**HOW TO COMPLETE THIS TASK**. Would you copy, word for word, each line from the one with "[New] John Lee" to the end of the listing below, skipping all pictures?

**SOURCE MATERIAL**.

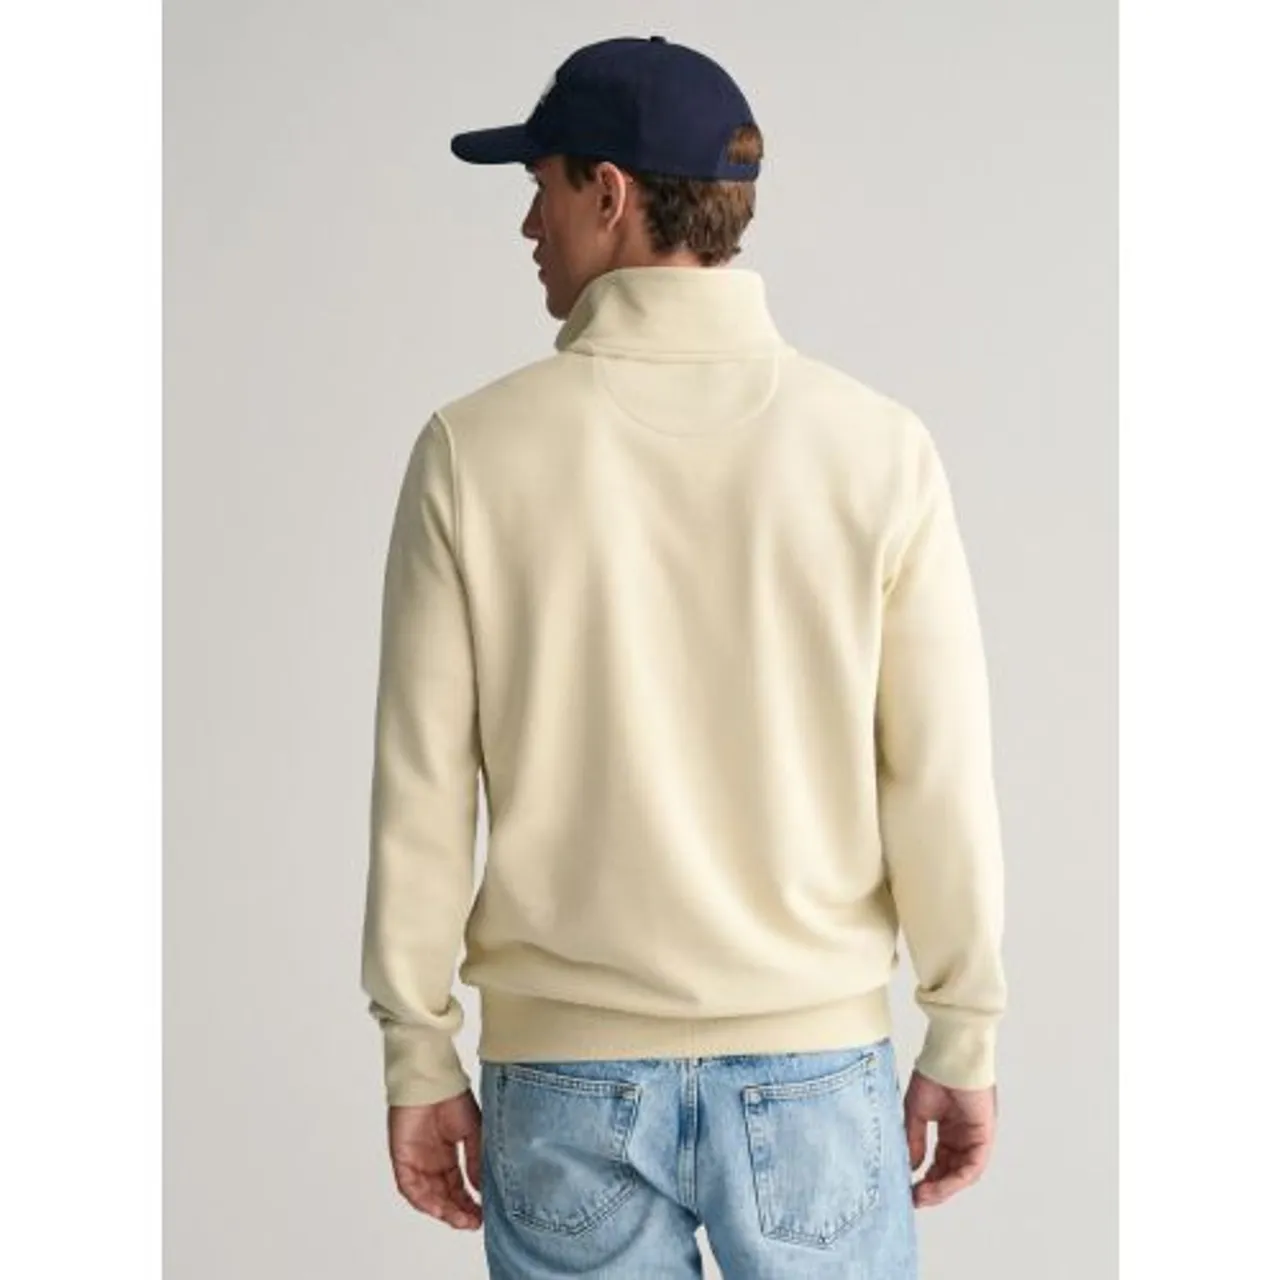 GANT Mens Silky Beige Regular Fit Shield Logo Half Zip Sweatshirt
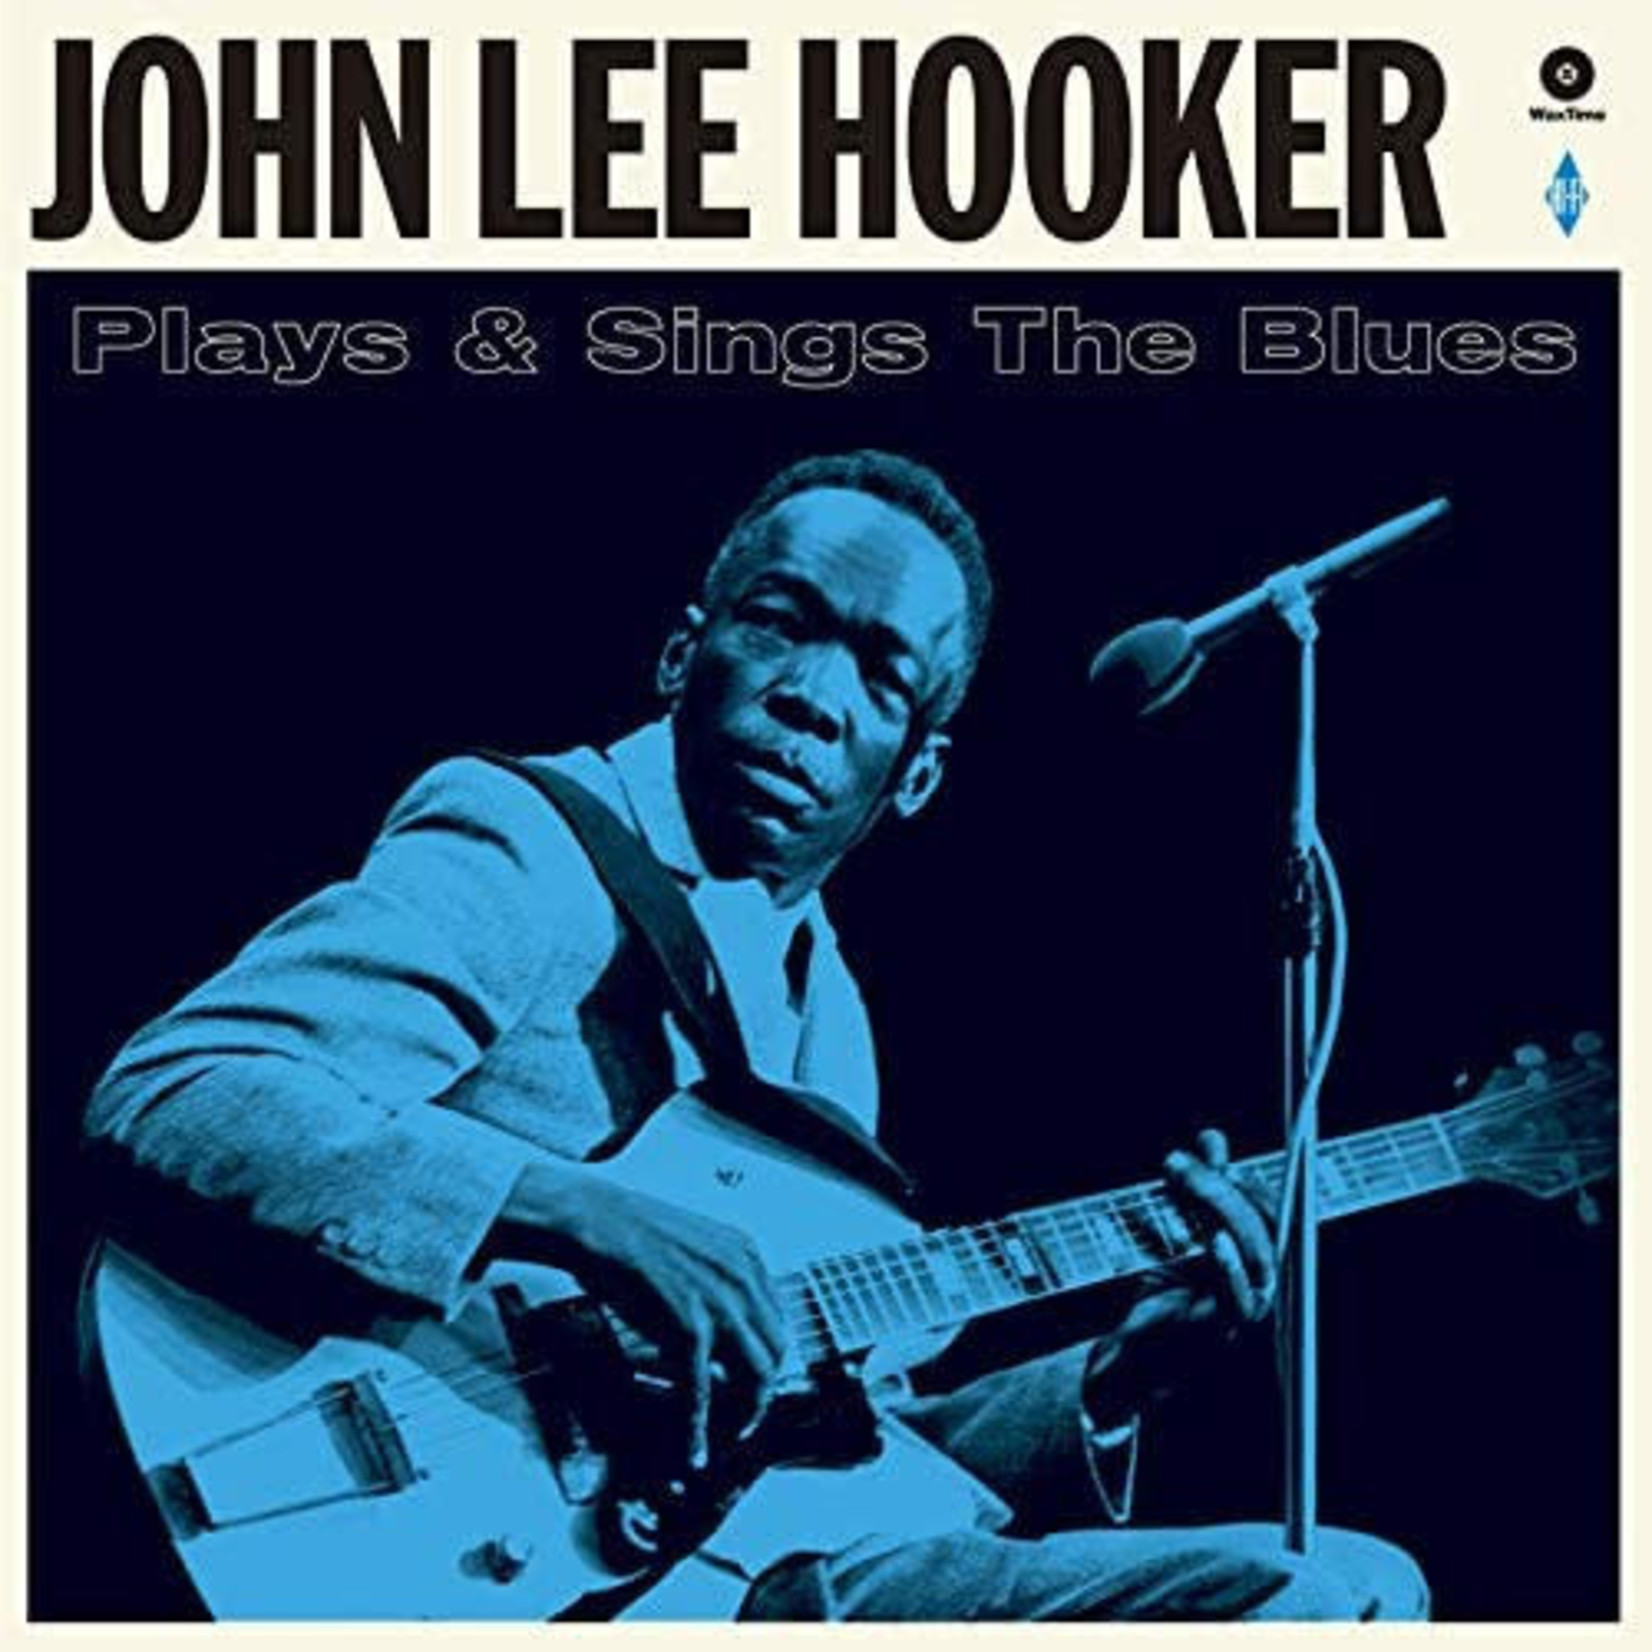 [New] John Lee Hooker - Plays & Sings The Blues (2 bonus tracks)
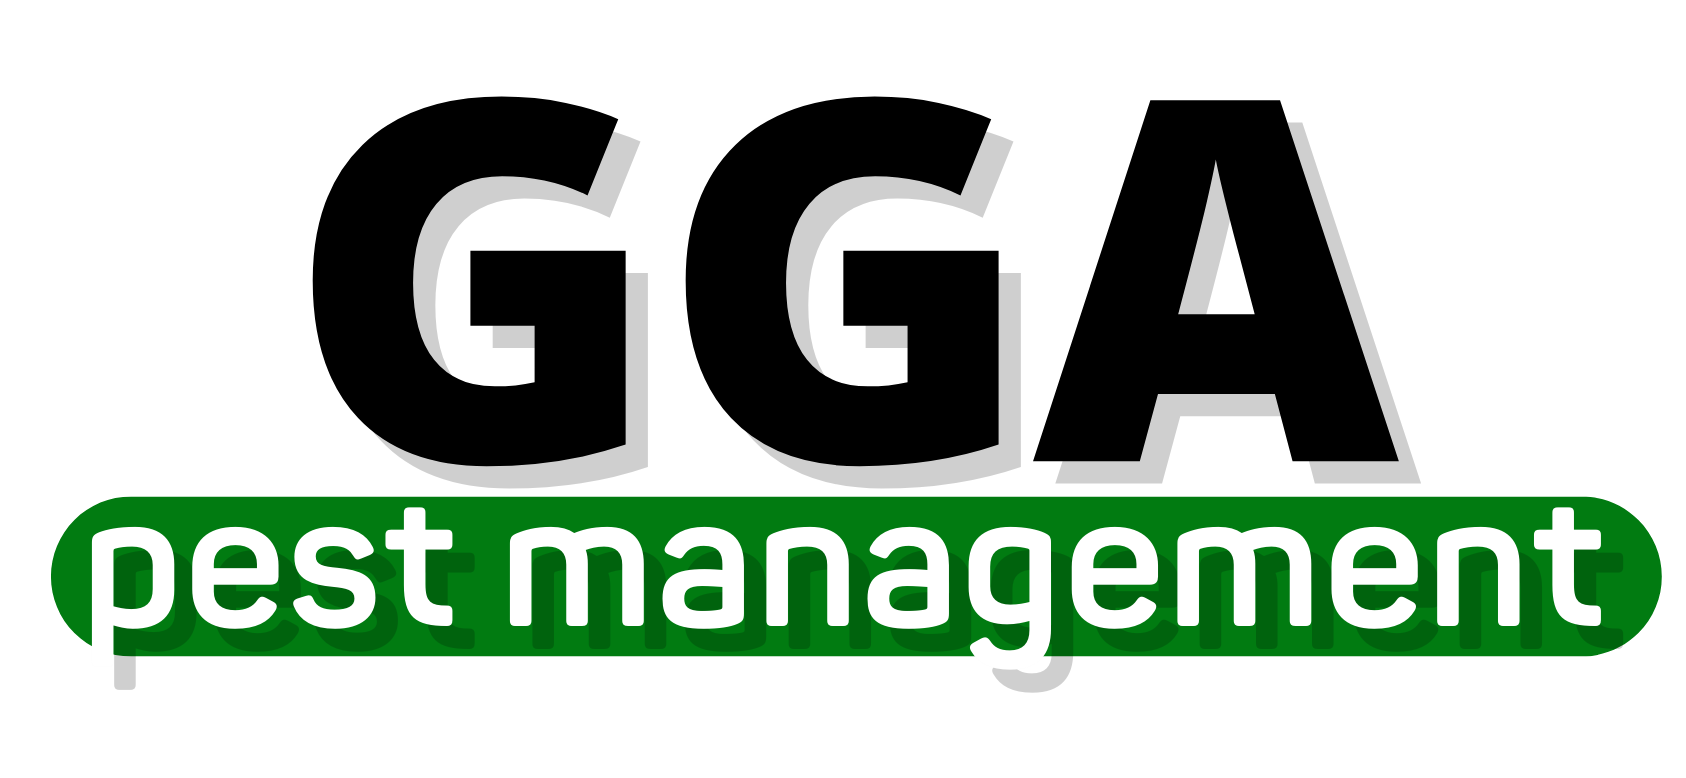 black and white gga pest management logo cropped

**EXERCISE OUTPUT**.
 [New] John Lee Hooker - Plays & Sings The Blues (2 bonus tracks)
 black and white gga pest management logo cropped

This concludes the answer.